Review Summary:  Niose does an excellent job describing the rise of both the Religious Right and of Secular Americans.  The former are pulling the strings of power, the latter is growing quickly.  This is a book that all Americans should read—regardless of their religious views.  The religious will learn something about us secular Americans, and we should all learn about the rise of the Religious Right.  I believe, as does Niose, that religion, the “culture wars” that stem from it, and the wave of anti-science/intellectualism will be defining moments of this century.  Niose does an excellent job of chronicling how we got to where are today and why secular Americans will be instrumental in getting to where we need to be tomorrow.

Niose begins the book by pointing out that the number of Americans identifying has secular has doubled since 1990.  In fact, he shows that somewhere between 12-18% of Americans identify as secular today—choosing “none”, when it comes to religion.  That is a large number of people.  To put it in perspective, only 25.1% of Americans are Catholic.  Niose seeks to explore why the number of secular Americans has grown, while at the same time, he explains the rise of the Religious Right in both terms of numbers and power.   He succeeds on both counts and readers unfamiliar with these topics will find the book quite informative and fair.  Niose writes in a professional and well calculated tone, but does not shy from criticizing when called for.

One of the most important chapters of the book (at least in my opinion) deals with our religious heritage and the idea that we are in fact most certainly not a Christian nation.  As many of you know, the belief that the Founders intended that we become a nation founded on the principles of Christianity is a common statement from the Religious Right.  Niose does an excellent job of eviscerating that belief, pseudo-historian David Barton, and numerous other fallacies regarding atheists and religious periods in our history as well.  In fact, he points out (in detail) that at no time in our history has religion played as large a role in politics as it does today.

Niose writes that the Religious Right came to life in the 1970’s.  Over the last three decades it has changed it shape and name at times, but has always been on the march for power and theocratic control.  He points out that to the Religious Right government neutrality towards religion is now being seen as overt hostility.  Niose argues that not all secular Americans are hostile towards religion and that neutrality is just that:  neutral.  He illustrates quite well how the Religious Right is defining the terms of various social and political discussions, and why that needs to change.

One of the key themes throughout the book, that Niose documents well, is the feeling of marginalization that many secular Americans feel when it comes to politics.  He illustrates that this is not by accident, and in fact, is quite calculated on the behalf of the various groups that constitute the Religious Right.  Niose argues, that what most secular Americans want is to end that marginalization and to have our proper place at the political table.

Niose points out that most secular Americans live “in the closet” regarding their secularity.
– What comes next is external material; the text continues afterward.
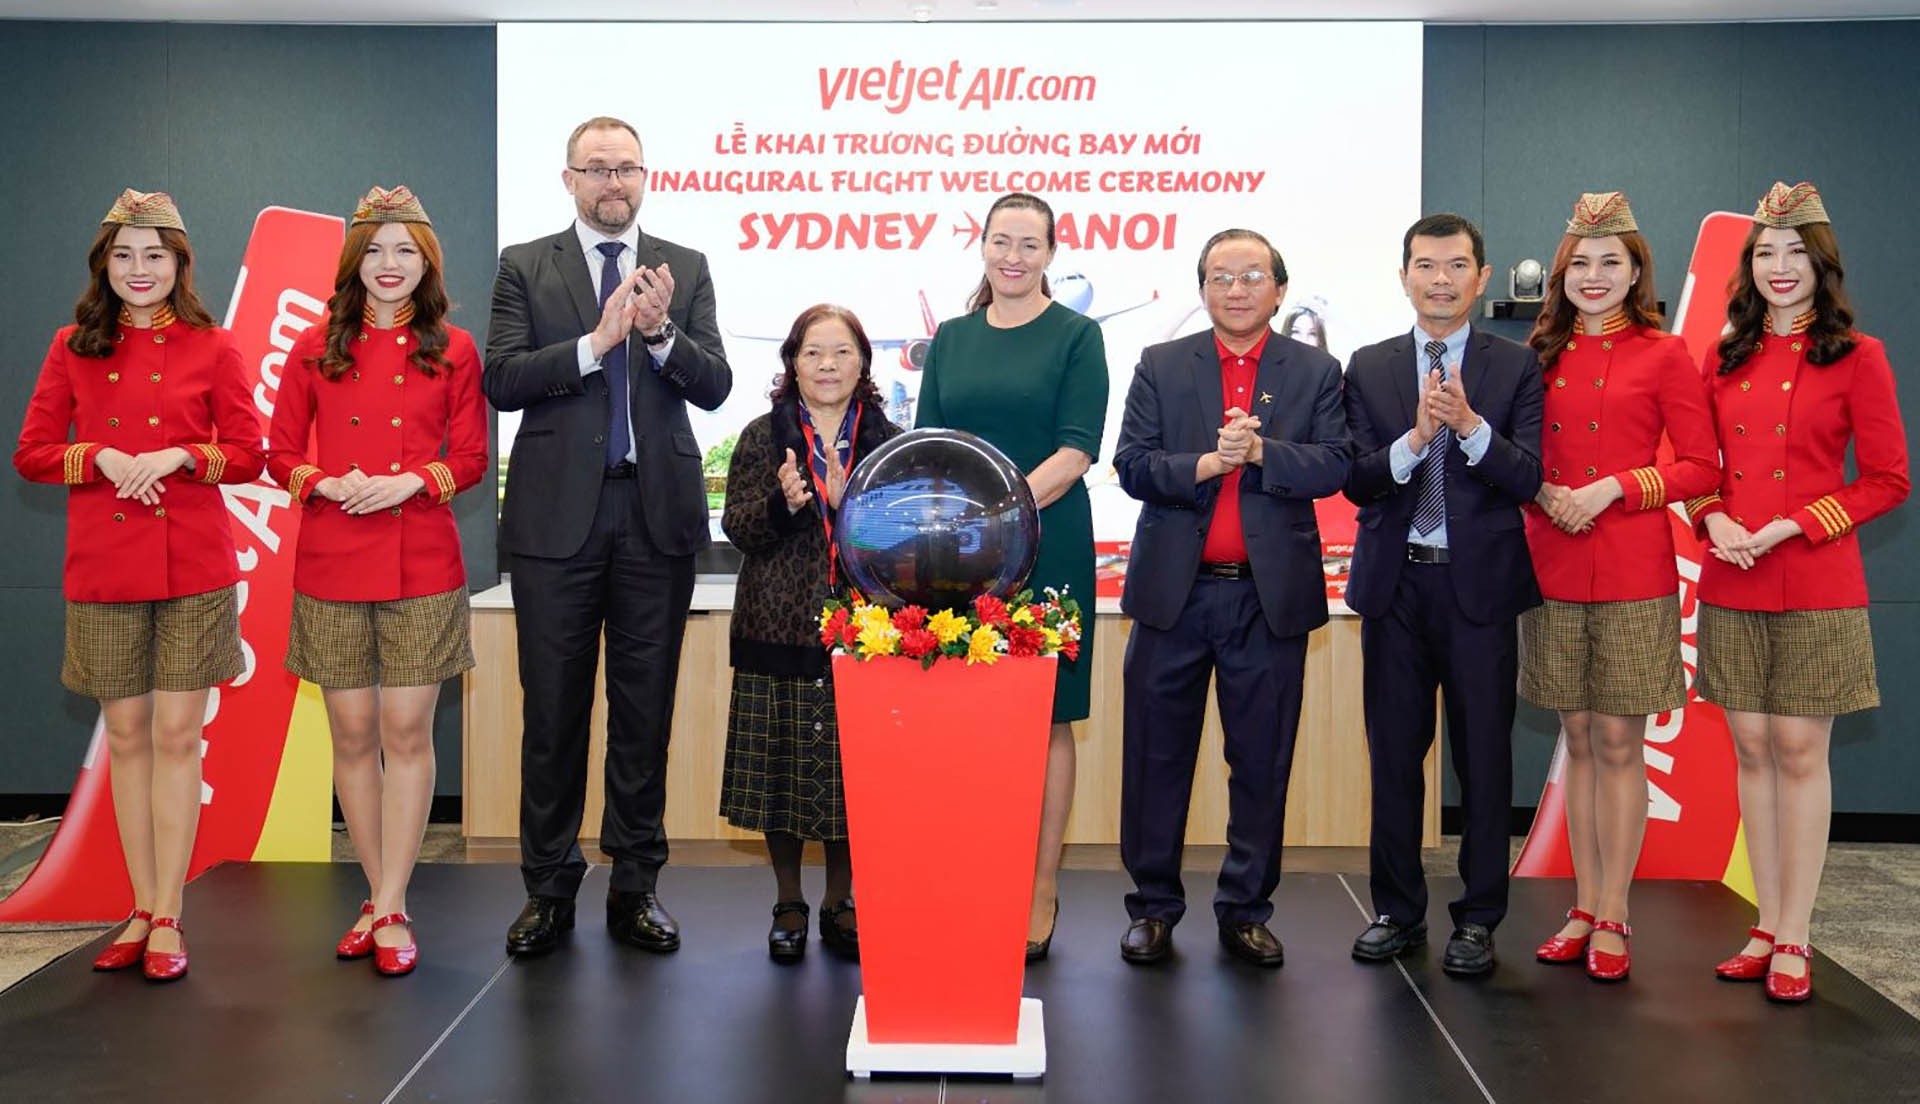 Các đại biểu, khách mời chúc mừng khai trương đường bay Sydney - Hà Nội của Vietjet.

The reason for this is the fact that we are often discriminated against and can have some pretty harsh real world problems in parts of the country if we are known as “nonbelievers”.  Niose points out that this has had a catastrophic effect on the politics of this country over the last 30 years.  The Religious Right is running rampant, promoting insane policies, and the group that is best able to oppose them find themselves on the sidelines.  Niose promotes the idea of learning the lessons that the LGBT community has to teach secular Americans about re-branding, “coming-out”, and changing the perception that others have towards us.

Niose treats the rise of the Religious Right fairly, accurately, and harshly—all of which it deserves.  The casual reader will walk away from this book having learned a great deal about what is going on “behind the scenes” on the political right.  It is not a pretty picture, and Niose does not hesitate to criticize when necessary.  Another key theme of the book is a criticism of the Religious Right’s anti- science/intellectual/education stances.  I can think of no greater offense being committed by the Religious Right at this moment.  The ignorance they promote can be found at the center of most of our social, educational, and political problems.  Niose does a great job of pointing that out, and explaining why secular Americans are the group that is the most qualified to combat that ignorance.

Readers will find a detailed explanation of the rise of secular Americans and various groups such as the American Humanist Association, The Secular Coalition, The Secular Student Alliance, The Freedom From Religion Foundation, American Atheists, and others.  He points out three very important things about the various groups: a) why they arose in the first place and b) why they are needed and c) why they are growing.  I would argue that point (b) is the most important, and Niose treats it quite well.

In closing, as I pointed out in my brief summary above, this is a book that all Americans should read.  The role that religion plays now, seeks to play in the future, and fight against it may very well be the defining political and social battles of this century.  Niose does a great job preparing everybody for that struggle.  As I so often say at the end of my blog posts, it is time for secular Americans and religious liberals to speak up.  It would seem that Niose and I are very much in agreement on that.  In short: Read the book, you will not regret it—it is well worth your time.

Thanks for Reading.  I look forward to your comments.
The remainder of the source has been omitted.